I am trying to construct Bayesian neural network to solve my problem, with reference to the PyMC3 tutorial case “Variational Inference: Bayesian Neural Networks”. I am using Continuous dependent variable but not able to obtain the predicted values in Bayesian neural network.
Code used for construction of neural network :
def construct_nn(ann_input, ann_output):
n_hidden = 5
# Initialize random weights between each layer
init_1 = np.random.randn(X.shape[1], n_hidden).astype(floatX)
init_2 = np.random.randn(n_hidden, n_hidden).astype(floatX)
init_out = np.random.randn(n_hidden).astype(floatX)

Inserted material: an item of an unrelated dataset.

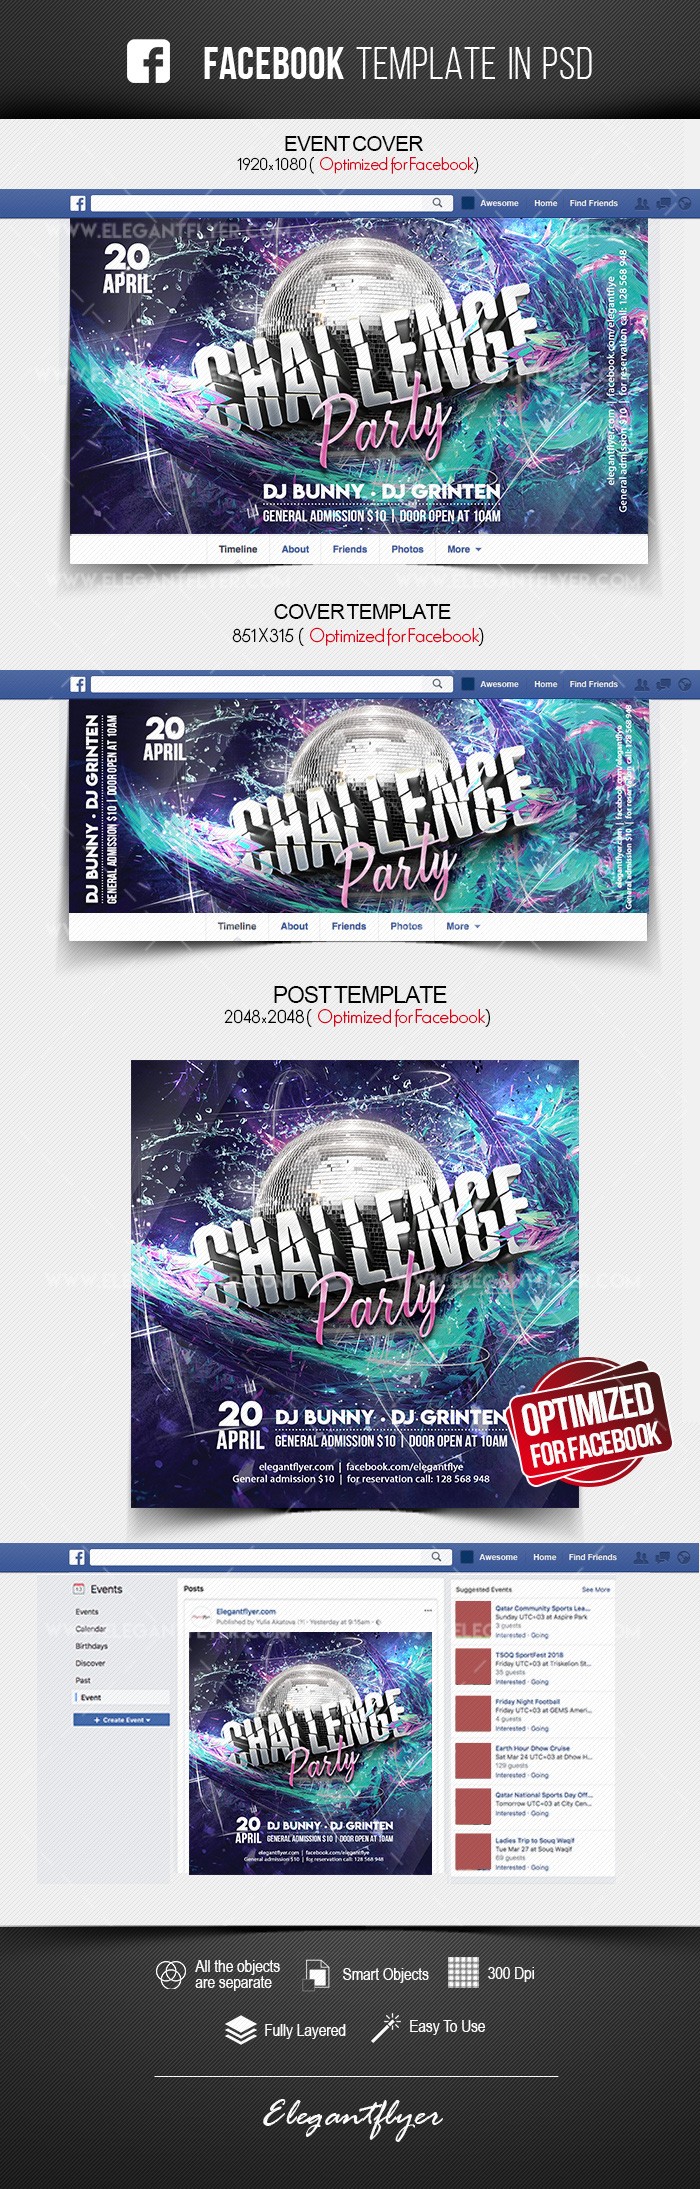 Herausforderung Party Facebook by ElegantFlyer

with pm.Model() as neural_network:
# Weights from input to hidden layer
weights_in_1 = pm.Normal('w_in_1', 0, sd=1,
shape=(X.shape[1], n_hidden),
testval=init_1)
# Weights from 1st to 2nd layer
weights_1_2 = pm.Normal('w_1_2', 0, sd=1,
shape=(n_hidden, n_hidden),
testval=init_2)
# Weights from hidden layer to output
weights_2_out = pm.Normal('w_2_out', 0, sd=1,
shape=(n_hidden,),
testval=init_out)
# Build neural-network using tanh activation function
act_1 = pm.math.tanh(pm.math.dot(ann_input,
weights_in_1))
act_2 = pm.math.tanh(pm.math.dot(act_1,
weights_1_2))
act_out = pm.math.sigmoid(pm.math.dot(act_2,
weights_2_out))
out = pm.Normal('out',mu=act_out, observed=ann_output)
return neural_network
ann_input = theano.shared(X_train)
ann_output = theano.shared(Y_train)
neural_network = construct_nn(ann_input, ann_output)
from pymc3.theanof import set_tt_rng, MRG_RandomStreams
set_tt_rng(MRG_RandomStreams(42))
#Fitting the model
with neural_network:
inference = pm.ADVI()
approx = pm.fit(n=3000, method=inference)
trace = approx.sample(draws=5000)
After this step, i want to obtain the predicted values for a continuous variable.